> **Work order**
Print all entries precisely as they are written.

> **Supplied data**
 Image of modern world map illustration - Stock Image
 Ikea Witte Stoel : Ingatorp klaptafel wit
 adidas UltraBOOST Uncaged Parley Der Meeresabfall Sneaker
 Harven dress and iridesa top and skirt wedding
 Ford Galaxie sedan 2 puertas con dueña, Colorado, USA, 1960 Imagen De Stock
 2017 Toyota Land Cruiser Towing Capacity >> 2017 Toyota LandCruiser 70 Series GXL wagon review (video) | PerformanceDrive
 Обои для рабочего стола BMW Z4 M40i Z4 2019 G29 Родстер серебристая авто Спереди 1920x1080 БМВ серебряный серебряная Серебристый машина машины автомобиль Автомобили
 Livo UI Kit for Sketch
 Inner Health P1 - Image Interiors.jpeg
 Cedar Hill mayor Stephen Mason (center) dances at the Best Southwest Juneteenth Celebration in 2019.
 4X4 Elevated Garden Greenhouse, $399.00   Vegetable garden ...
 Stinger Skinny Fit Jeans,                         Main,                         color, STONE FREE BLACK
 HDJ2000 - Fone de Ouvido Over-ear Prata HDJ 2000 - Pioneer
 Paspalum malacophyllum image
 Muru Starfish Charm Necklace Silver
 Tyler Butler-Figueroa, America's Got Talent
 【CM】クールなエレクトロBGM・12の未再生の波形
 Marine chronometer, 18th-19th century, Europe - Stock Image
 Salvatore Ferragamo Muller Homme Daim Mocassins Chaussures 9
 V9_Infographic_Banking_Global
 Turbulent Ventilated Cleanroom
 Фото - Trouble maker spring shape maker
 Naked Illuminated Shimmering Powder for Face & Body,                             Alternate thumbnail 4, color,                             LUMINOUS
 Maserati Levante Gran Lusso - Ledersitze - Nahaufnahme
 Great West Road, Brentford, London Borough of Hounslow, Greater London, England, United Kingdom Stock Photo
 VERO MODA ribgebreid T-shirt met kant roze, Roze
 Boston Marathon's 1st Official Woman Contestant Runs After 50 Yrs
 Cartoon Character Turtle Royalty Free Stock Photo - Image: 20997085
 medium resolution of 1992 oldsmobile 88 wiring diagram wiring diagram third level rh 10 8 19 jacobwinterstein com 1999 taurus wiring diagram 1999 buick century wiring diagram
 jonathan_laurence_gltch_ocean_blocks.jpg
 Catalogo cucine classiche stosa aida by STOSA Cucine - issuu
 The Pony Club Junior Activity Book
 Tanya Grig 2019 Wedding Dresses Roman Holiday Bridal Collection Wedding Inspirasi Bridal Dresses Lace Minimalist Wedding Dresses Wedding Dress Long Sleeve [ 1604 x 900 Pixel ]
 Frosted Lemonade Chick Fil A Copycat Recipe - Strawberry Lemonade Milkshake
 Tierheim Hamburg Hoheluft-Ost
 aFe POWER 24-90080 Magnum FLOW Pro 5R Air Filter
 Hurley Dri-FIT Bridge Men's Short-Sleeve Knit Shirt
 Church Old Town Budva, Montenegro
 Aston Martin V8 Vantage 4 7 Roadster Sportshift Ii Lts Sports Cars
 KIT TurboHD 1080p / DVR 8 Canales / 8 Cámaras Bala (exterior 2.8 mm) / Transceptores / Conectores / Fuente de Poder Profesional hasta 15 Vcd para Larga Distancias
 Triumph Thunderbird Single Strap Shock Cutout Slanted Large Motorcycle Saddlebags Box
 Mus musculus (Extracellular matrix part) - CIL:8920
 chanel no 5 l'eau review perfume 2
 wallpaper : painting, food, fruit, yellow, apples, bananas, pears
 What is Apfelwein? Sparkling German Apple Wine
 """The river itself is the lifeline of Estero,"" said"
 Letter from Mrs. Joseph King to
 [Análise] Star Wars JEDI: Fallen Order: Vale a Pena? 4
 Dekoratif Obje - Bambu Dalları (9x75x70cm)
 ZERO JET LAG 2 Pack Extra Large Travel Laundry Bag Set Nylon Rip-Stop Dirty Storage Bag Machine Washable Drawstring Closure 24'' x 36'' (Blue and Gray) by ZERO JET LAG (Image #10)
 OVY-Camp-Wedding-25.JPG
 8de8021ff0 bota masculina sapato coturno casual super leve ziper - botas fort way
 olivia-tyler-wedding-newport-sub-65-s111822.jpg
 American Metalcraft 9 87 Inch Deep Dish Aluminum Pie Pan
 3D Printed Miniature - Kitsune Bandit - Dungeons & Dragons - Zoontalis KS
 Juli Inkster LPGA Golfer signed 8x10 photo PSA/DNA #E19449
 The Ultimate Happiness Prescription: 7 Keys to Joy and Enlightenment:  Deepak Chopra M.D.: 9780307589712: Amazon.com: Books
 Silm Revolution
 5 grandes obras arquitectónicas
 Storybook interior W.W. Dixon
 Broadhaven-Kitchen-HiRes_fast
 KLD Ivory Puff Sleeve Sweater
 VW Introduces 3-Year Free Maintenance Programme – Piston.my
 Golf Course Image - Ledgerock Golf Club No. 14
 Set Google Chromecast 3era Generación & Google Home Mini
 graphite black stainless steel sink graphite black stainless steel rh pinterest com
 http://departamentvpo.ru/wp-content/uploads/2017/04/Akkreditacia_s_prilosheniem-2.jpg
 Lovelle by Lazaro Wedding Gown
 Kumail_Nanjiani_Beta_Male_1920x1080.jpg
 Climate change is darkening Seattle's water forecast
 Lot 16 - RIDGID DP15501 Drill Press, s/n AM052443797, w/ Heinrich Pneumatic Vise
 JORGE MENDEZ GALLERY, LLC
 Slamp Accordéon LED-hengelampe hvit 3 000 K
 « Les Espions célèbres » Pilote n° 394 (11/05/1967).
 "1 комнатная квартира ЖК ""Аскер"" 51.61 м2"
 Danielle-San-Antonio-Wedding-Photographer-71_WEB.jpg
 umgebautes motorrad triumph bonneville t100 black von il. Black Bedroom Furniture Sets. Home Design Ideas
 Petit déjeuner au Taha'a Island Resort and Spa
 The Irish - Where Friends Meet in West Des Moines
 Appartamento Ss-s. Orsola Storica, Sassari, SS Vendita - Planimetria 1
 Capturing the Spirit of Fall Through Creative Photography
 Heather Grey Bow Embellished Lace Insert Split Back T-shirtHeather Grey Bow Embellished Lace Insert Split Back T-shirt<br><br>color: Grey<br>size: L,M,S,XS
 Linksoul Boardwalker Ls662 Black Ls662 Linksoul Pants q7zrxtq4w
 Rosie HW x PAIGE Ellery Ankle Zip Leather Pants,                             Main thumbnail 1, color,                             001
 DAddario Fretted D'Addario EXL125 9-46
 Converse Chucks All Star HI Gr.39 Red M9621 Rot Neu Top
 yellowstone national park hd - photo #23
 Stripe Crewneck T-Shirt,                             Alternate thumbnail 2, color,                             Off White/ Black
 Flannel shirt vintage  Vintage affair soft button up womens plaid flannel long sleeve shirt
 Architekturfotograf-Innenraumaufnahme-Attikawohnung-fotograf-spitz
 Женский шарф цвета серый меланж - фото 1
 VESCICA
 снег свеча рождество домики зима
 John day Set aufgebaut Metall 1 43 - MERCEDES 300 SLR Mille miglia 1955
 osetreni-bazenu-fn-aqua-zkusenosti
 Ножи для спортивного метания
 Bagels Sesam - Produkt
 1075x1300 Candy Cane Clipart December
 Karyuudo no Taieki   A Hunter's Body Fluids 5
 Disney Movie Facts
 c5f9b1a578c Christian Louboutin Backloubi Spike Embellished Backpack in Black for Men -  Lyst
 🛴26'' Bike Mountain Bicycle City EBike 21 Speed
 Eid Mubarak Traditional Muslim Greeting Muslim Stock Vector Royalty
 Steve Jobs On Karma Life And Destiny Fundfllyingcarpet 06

> **Response to the task**
 Image of modern world map illustration - Stock Image
 Ikea Witte Stoel : Ingatorp klaptafel wit
 adidas UltraBOOST Uncaged Parley Der Meeresabfall Sneaker
 Harven dress and iridesa top and skirt wedding
 Ford Galaxie sedan 2 puertas con dueña, Colorado, USA, 1960 Imagen De Stock
 2017 Toyota Land Cruiser Towing Capacity >> 2017 Toyota LandCruiser 70 Series GXL wagon review (video) | PerformanceDrive
 Обои для рабочего стола BMW Z4 M40i Z4 2019 G29 Родстер серебристая авто Спереди 1920x1080 БМВ серебряный серебряная Серебристый машина машины автомобиль Автомобили
 Livo UI Kit for Sketch
 Inner Health P1 - Image Interiors.jpeg
 Cedar Hill mayor Stephen Mason (center) dances at the Best Southwest Juneteenth Celebration in 2019.
 4X4 Elevated Garden Greenhouse, $399.00   Vegetable garden ...
 Stinger Skinny Fit Jeans,                         Main,                         color, STONE FREE BLACK
 HDJ2000 - Fone de Ouvido Over-ear Prata HDJ 2000 - Pioneer
 Paspalum malacophyllum image
 Muru Starfish Charm Necklace Silver
 Tyler Butler-Figueroa, America's Got Talent
 【CM】クールなエレクトロBGM・12の未再生の波形
 Marine chronometer, 18th-19th century, Europe - Stock Image
 Salvatore Ferragamo Muller Homme Daim Mocassins Chaussures 9
 V9_Infographic_Banking_Global
 Turbulent Ventilated Cleanroom
 Фото - Trouble maker spring shape maker
 Naked Illuminated Shimmering Powder for Face & Body,                             Alternate thumbnail 4, color,                             LUMINOUS
 Maserati Levante Gran Lusso - Ledersitze - Nahaufnahme
 Great West Road, Brentford, London Borough of Hounslow, Greater London, England, United Kingdom Stock Photo
 VERO MODA ribgebreid T-shirt met kant roze, Roze
 Boston Marathon's 1st Official Woman Contestant Runs After 50 Yrs
 Cartoon Character Turtle Royalty Free Stock Photo - Image: 20997085
 medium resolution of 1992 oldsmobile 88 wiring diagram wiring diagram third level rh 10 8 19 jacobwinterstein com 1999 taurus wiring diagram 1999 buick century wiring diagram
 jonathan_laurence_gltch_ocean_blocks.jpg
 Catalogo cucine classiche stosa aida by STOSA Cucine - issuu
 The Pony Club Junior Activity Book
 Tanya Grig 2019 Wedding Dresses Roman Holiday Bridal Collection Wedding Inspirasi Bridal Dresses Lace Minimalist Wedding Dresses Wedding Dress Long Sleeve [ 1604 x 900 Pixel ]
 Frosted Lemonade Chick Fil A Copycat Recipe - Strawberry Lemonade Milkshake
 Tierheim Hamburg Hoheluft-Ost
 aFe POWER 24-90080 Magnum FLOW Pro 5R Air Filter
 Hurley Dri-FIT Bridge Men's Short-Sleeve Knit Shirt
 Church Old Town Budva, Montenegro
 Aston Martin V8 Vantage 4 7 Roadster Sportshift Ii Lts Sports Cars
 KIT TurboHD 1080p / DVR 8 Canales / 8 Cámaras Bala (exterior 2.8 mm) / Transceptores / Conectores / Fuente de Poder Profesional hasta 15 Vcd para Larga Distancias
 Triumph Thunderbird Single Strap Shock Cutout Slanted Large Motorcycle Saddlebags Box
 Mus musculus (Extracellular matrix part) - CIL:8920
 chanel no 5 l'eau review perfume 2
 wallpaper : painting, food, fruit, yellow, apples, bananas, pears
 What is Apfelwein? Sparkling German Apple Wine
 """The river itself is the lifeline of Estero,"" said"
 Letter from Mrs. Joseph King to
 [Análise] Star Wars JEDI: Fallen Order: Vale a Pena? 4
 Dekoratif Obje - Bambu Dalları (9x75x70cm)
 ZERO JET LAG 2 Pack Extra Large Travel Laundry Bag Set Nylon Rip-Stop Dirty Storage Bag Machine Washable Drawstring Closure 24'' x 36'' (Blue and Gray) by ZERO JET LAG (Image #10)
 OVY-Camp-Wedding-25.JPG
 8de8021ff0 bota masculina sapato coturno casual super leve ziper - botas fort way
 olivia-tyler-wedding-newport-sub-65-s111822.jpg
 American Metalcraft 9 87 Inch Deep Dish Aluminum Pie Pan
 3D Printed Miniature - Kitsune Bandit - Dungeons & Dragons - Zoontalis KS
 Juli Inkster LPGA Golfer signed 8x10 photo PSA/DNA #E19449
 The Ultimate Happiness Prescription: 7 Keys to Joy and Enlightenment:  Deepak Chopra M.D.: 9780307589712: Amazon.com: Books
 Silm Revolution
 5 grandes obras arquitectónicas
 Storybook interior W.W. Dixon
 Broadhaven-Kitchen-HiRes_fast
 KLD Ivory Puff Sleeve Sweater
 VW Introduces 3-Year Free Maintenance Programme – Piston.my
 Golf Course Image - Ledgerock Golf Club No. 14
 Set Google Chromecast 3era Generación & Google Home Mini
 graphite black stainless steel sink graphite black stainless steel rh pinterest com
 http://departamentvpo.ru/wp-content/uploads/2017/04/Akkreditacia_s_prilosheniem-2.jpg
 Lovelle by Lazaro Wedding Gown
 Kumail_Nanjiani_Beta_Male_1920x1080.jpg
 Climate change is darkening Seattle's water forecast
 Lot 16 - RIDGID DP15501 Drill Press, s/n AM052443797, w/ Heinrich Pneumatic Vise
 JORGE MENDEZ GALLERY, LLC
 Slamp Accordéon LED-hengelampe hvit 3 000 K
 « Les Espions célèbres » Pilote n° 394 (11/05/1967).
 "1 комнатная квартира ЖК ""Аскер"" 51.61 м2"
 Danielle-San-Antonio-Wedding-Photographer-71_WEB.jpg
 umgebautes motorrad triumph bonneville t100 black von il. Black Bedroom Furniture Sets. Home Design Ideas
 Petit déjeuner au Taha'a Island Resort and Spa
 The Irish - Where Friends Meet in West Des Moines
 Appartamento Ss-s. Orsola Storica, Sassari, SS Vendita - Planimetria 1
 Capturing the Spirit of Fall Through Creative Photography
 Heather Grey Bow Embellished Lace Insert Split Back T-shirtHeather Grey Bow Embellished Lace Insert Split Back T-shirt<br><br>color: Grey<br>size: L,M,S,XS
 Linksoul Boardwalker Ls662 Black Ls662 Linksoul Pants q7zrxtq4w
 Rosie HW x PAIGE Ellery Ankle Zip Leather Pants,                             Main thumbnail 1, color,                             001
 DAddario Fretted D'Addario EXL125 9-46
 Converse Chucks All Star HI Gr.39 Red M9621 Rot Neu Top
 yellowstone national park hd - photo #23
 Stripe Crewneck T-Shirt,                             Alternate thumbnail 2, color,                             Off White/ Black
 Flannel shirt vintage  Vintage affair soft button up womens plaid flannel long sleeve shirt
 Architekturfotograf-Innenraumaufnahme-Attikawohnung-fotograf-spitz
 Женский шарф цвета серый меланж - фото 1
 VESCICA
 снег свеча рождество домики зима
 John day Set aufgebaut Metall 1 43 - MERCEDES 300 SLR Mille miglia 1955
 osetreni-bazenu-fn-aqua-zkusenosti
 Ножи для спортивного метания
 Bagels Sesam - Produkt
 1075x1300 Candy Cane Clipart December
 Karyuudo no Taieki   A Hunter's Body Fluids 5
 Disney Movie Facts
 c5f9b1a578c Christian Louboutin Backloubi Spike Embellished Backpack in Black for Men -  Lyst
 🛴26'' Bike Mountain Bicycle City EBike 21 Speed
 Eid Mubarak Traditional Muslim Greeting Muslim Stock Vector Royalty
 Steve Jobs On Karma Life And Destiny Fundfllyingcarpet 06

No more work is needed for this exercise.